The following diagram and table show how FPGAs compare to other processors.

Diagram of Azure Machine Learning service FPGA comparison

Processor Description
Application-specific integrated circuits ASICs Custom circuits, such as Google's TensorFlow Processor Units (TPU), provide the highest efficiency. They can't be reconfigured as your needs change.
Field-programmable gate arrays FPGAs FPGAs, such as those available on Azure, provide performance close to ASICs. They are also flexible and reconfigurable over time, to implement new logic.
Graphics processing units GPUs A popular choice for AI computations. GPUs offer parallel processing capabilities, making it faster at image rendering than CPUs.
Central processing units CPUs General-purpose processors, the performance of which isn't ideal for graphics and video processing.

FPGAs on Azure are based on Intel's FPGA devices, which data scientists and developers use to accelerate real-time AI calculations. This FPGA-enabled architecture offers performance, flexibility, and scale, and is available on Azure.

FPGAs make it possible to achieve low latency for real-time inference (or model scoring) requests. Asynchronous requests (batching) aren't needed. Batching can cause latency, because more data needs to be processed. Implementations of neural processing units don't require batching; therefore the latency can be many times lower, compared to CPU and GPU processors.

Reconfigurable power

You can reconfigure FPGAs for different types of machine learning models. This flexibility makes it easier to accelerate the applications based on the most optimal numerical precision and memory model being used.
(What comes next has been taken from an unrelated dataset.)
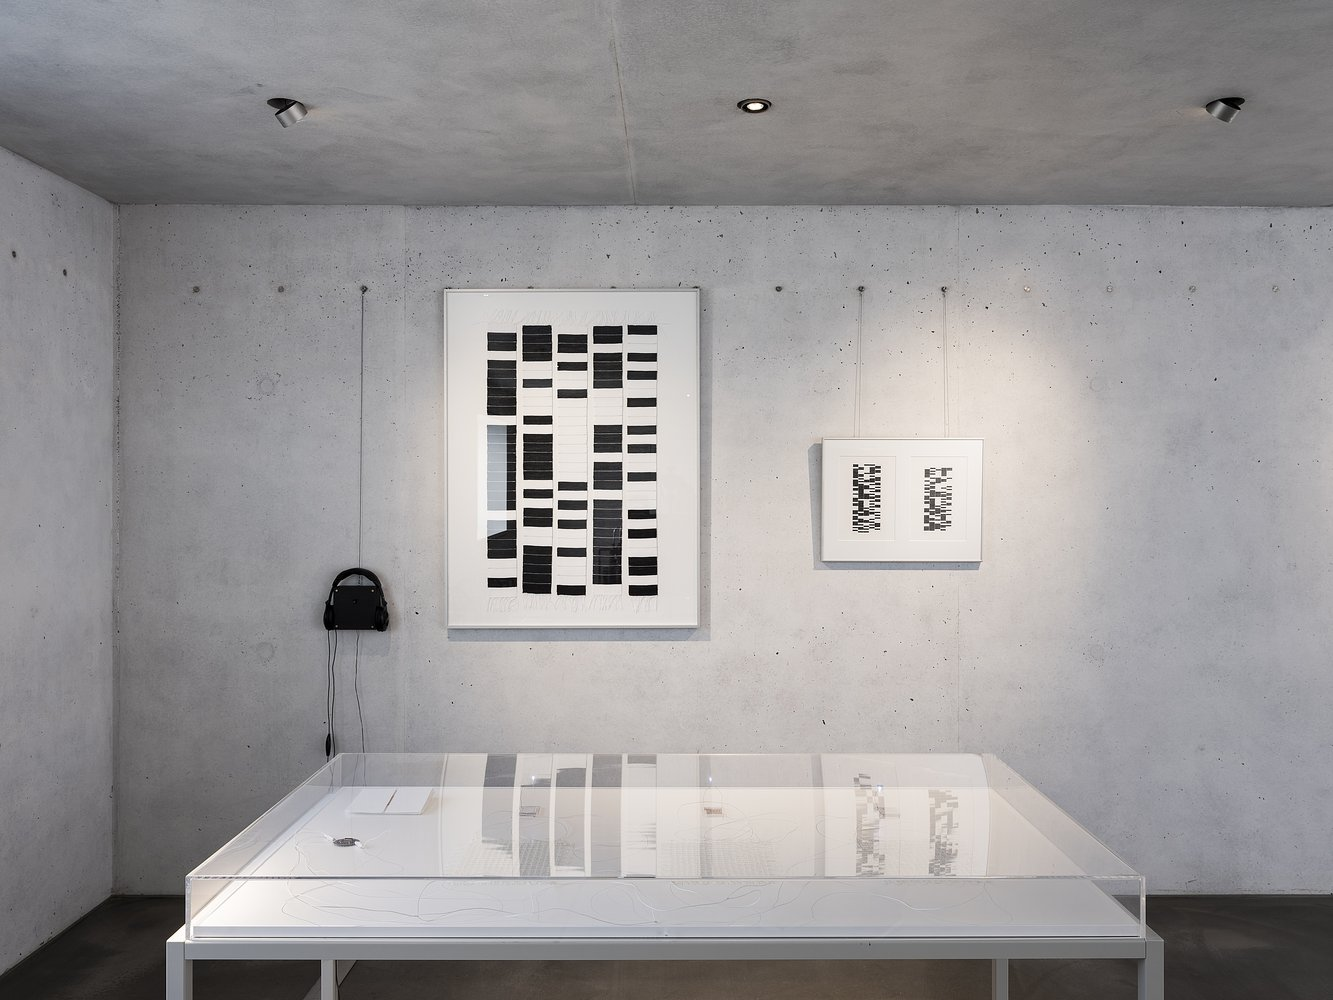 Haus Gropius || Zeitgenössisch : Ausstellungen : Stiftung Bauhaus ...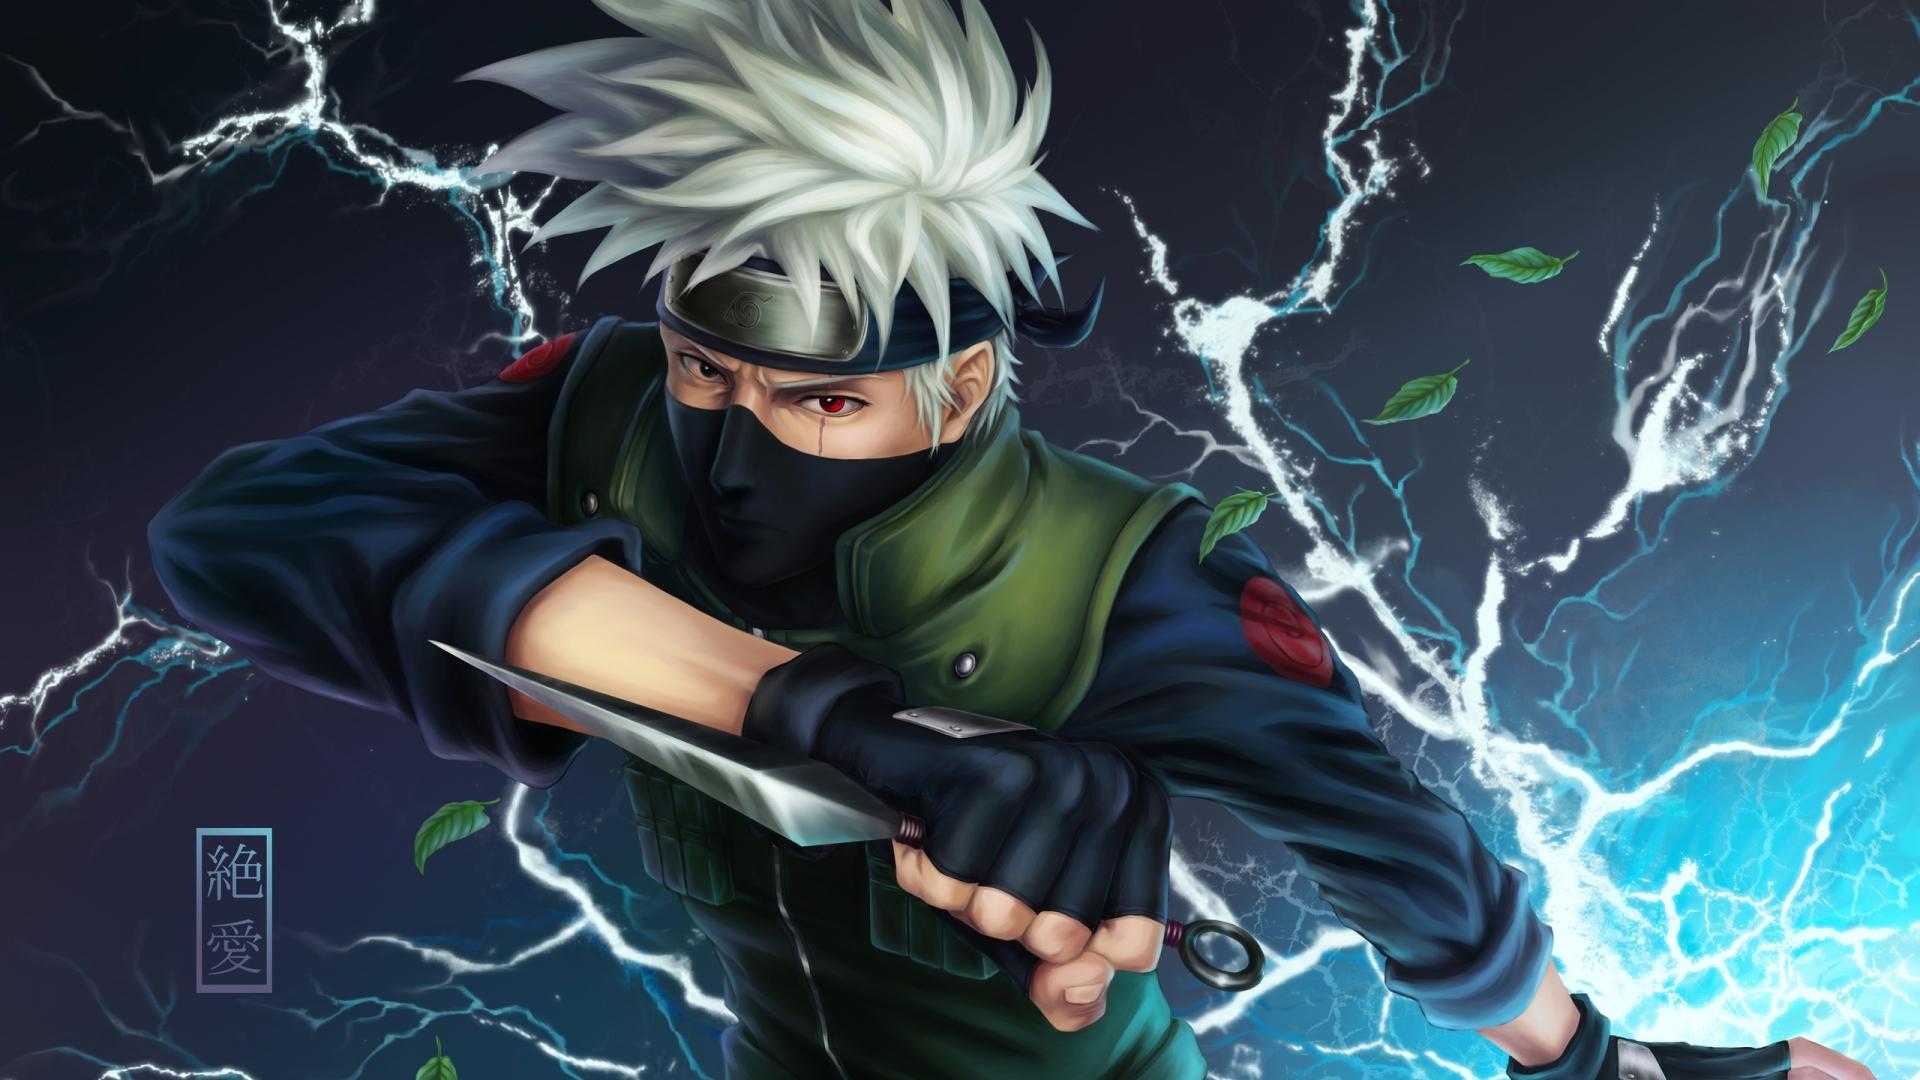 Download Wallpaper Naruto Cartoon - Naruto-Wallpapers-HD-1920x1080-020  Image_466188.jpg

Because FPGAs are reconfigurable, you can stay current with the requirements of rapidly changing AI algorithms.

What's supported on Azure

Microsoft Azure is the world's largest cloud investment in FPGAs. Using this FPGA-enabled hardware architecture, trained neural networks run quickly and with lower latency. Azure can parallelize pre-trained deep neural networks (DNN) across FPGAs to scale out your service. The DNNs can be pre-trained, as a deep featurizer for transfer learning, or fine-tuned with updated weights.

FPGAs on Azure supports:

  • Image classification and recognition scenarios
  • TensorFlow deployment
  • Intel FPGA hardware

These DNN models are currently available:

  • ResNet 50
  • ResNet 152
  • DenseNet-121
  • VGG-16
  • SSD-VGG

FPGAs are available in these Azure regions:

  • East US
  • Southeast Asia
  • West Europe
  • West US 2

Important

To optimize latency and throughput, your client sending data to the FPGA model should be in one of the regions above (the one you deployed the model to).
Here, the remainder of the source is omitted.